Agent skill

bio-entrez-search

Stars 2,009
Forks 275

Install this agent skill to your Project

npx add-skill https://github.com/FreedomIntelligence/OpenClaw-Medical-Skills/tree/main/skills/bio-entrez-search

SKILL.md


name: bio-entrez-search description: Search NCBI databases using Biopython Bio.Entrez.
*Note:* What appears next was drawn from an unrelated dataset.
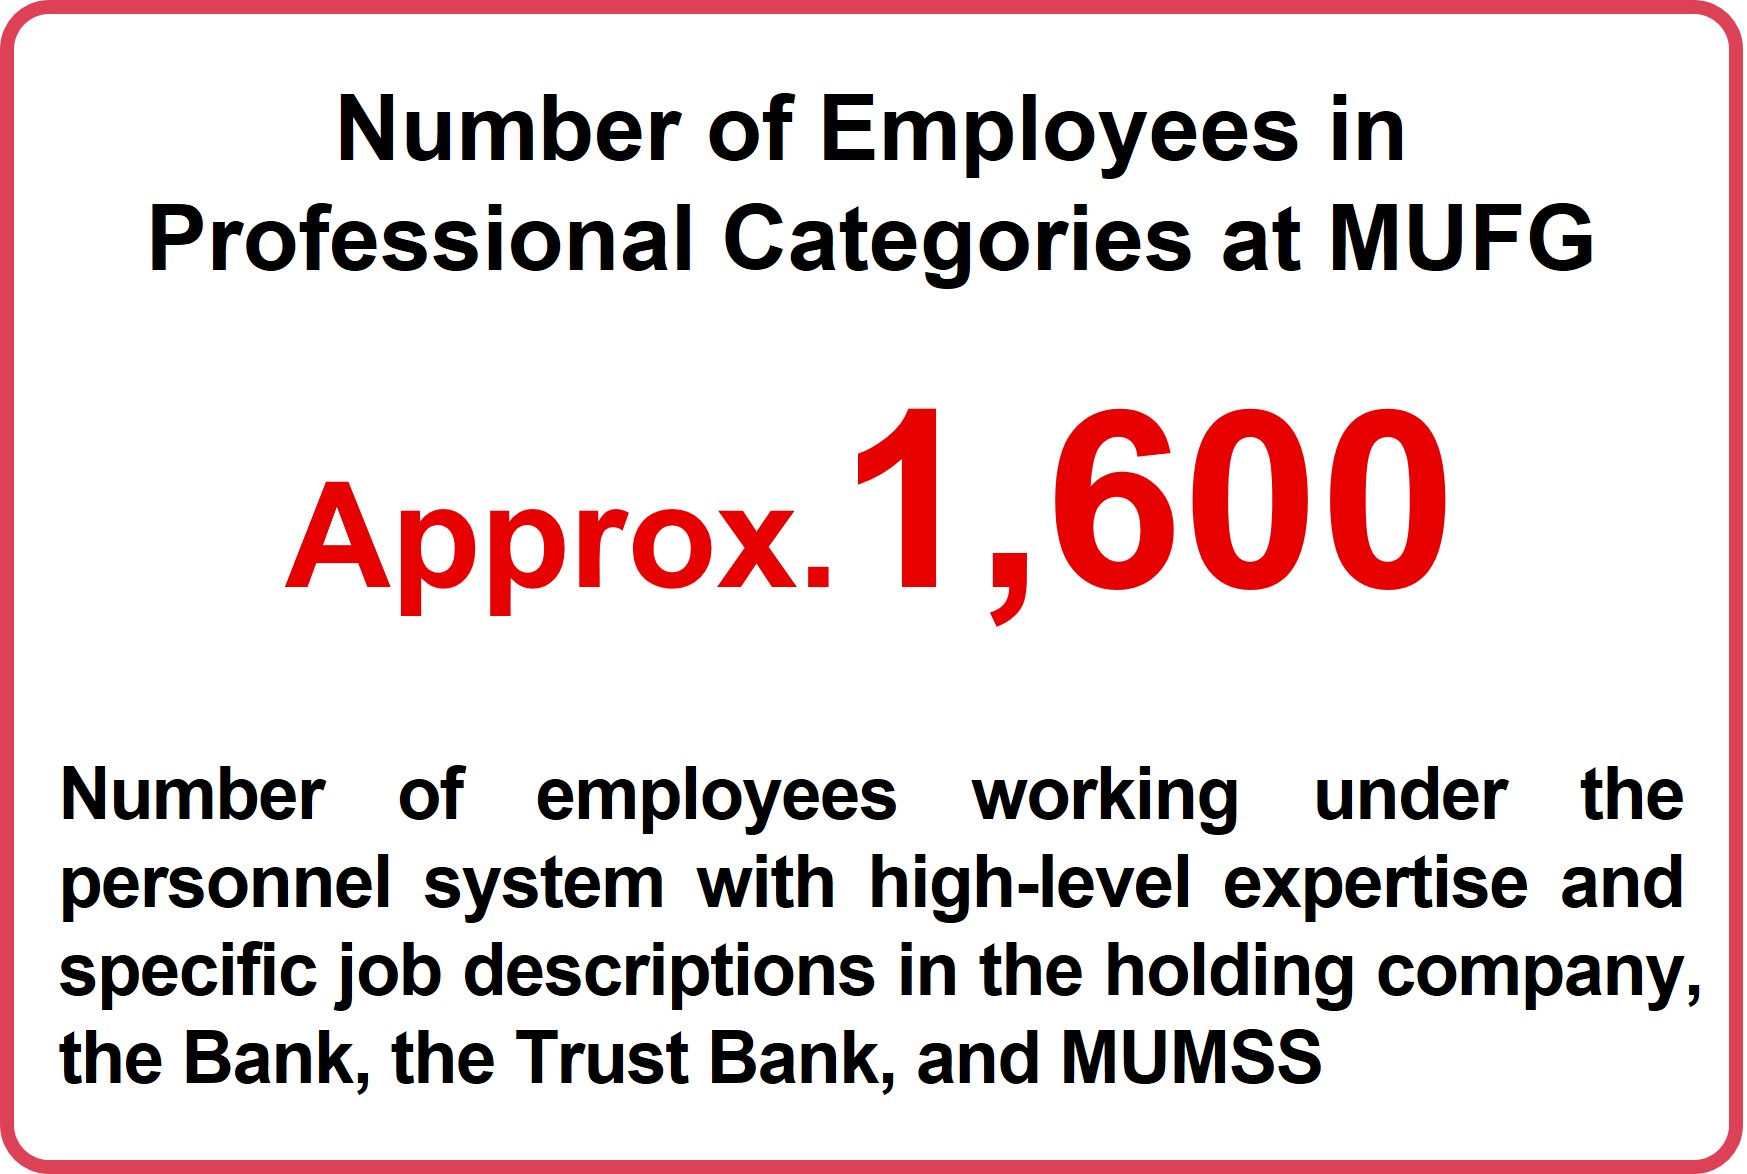 Number of Employees in Professional Categories at MUFG

Use when finding records by keyword, building complex search queries, discovering database structure, or getting global query counts across databases. tool_type: python primary_tool: Bio.Entrez measurable_outcome: Execute skill workflow successfully with valid output within 15 minutes. allowed-tools:

  • read_file
  • run_shell_command

Entrez Search

Search NCBI databases using Biopython's Entrez module (ESearch, EInfo, EGQuery utilities).

Required Setup

python
from Bio import Entrez

Entrez.email = 'your.email@example.com'  # Required by NCBI
Entrez.api_key = 'your_api_key'          # Optional, raises rate limit 3->10 req/sec

Core Functions

Entrez.esearch() - Search a Database

Search any NCBI database and get matching record IDs.

python
handle = Entrez.esearch(db='nucleotide', term='human[orgn] AND BRCA1[gene]')
record = Entrez.read(handle)
handle.close()

print(f"Found {record['Count']} records")
print(f"IDs: {record['IdList']}")  # First 20 IDs by default

Key Parameters:

Parameter Description Default
db Database to search Required
term Search query Required
retmax Max IDs to return 20
retstart Starting index (pagination) 0
usehistory Store results on server 'n'
sort Sort order database-specific
datetype Date field to search 'pdat'
reldate Records from last N days None
mindate Start date (YYYY/MM/DD) None
maxdate End date (YYYY/MM/DD) None

ESearch Result Fields:

python
record['Count']        # Total matching records (string)
record['IdList']       # List of record IDs
record['RetMax']       # Number of IDs returned
record['RetStart']     # Starting index
record['QueryKey']     # For history server (if usehistory='y')
record['WebEnv']       # For history server (if usehistory='y')
record['TranslationSet']  # Query translations applied
record['QueryTranslation']  # Final translated query

Entrez.einfo() - Database Information

Get information about available databases or specific database fields.

python
# List all available databases
handle = Entrez.einfo()
record = Entrez.read(handle)
handle.close()
print(record['DbList'])  # ['pubmed', 'protein', 'nucleotide', ...]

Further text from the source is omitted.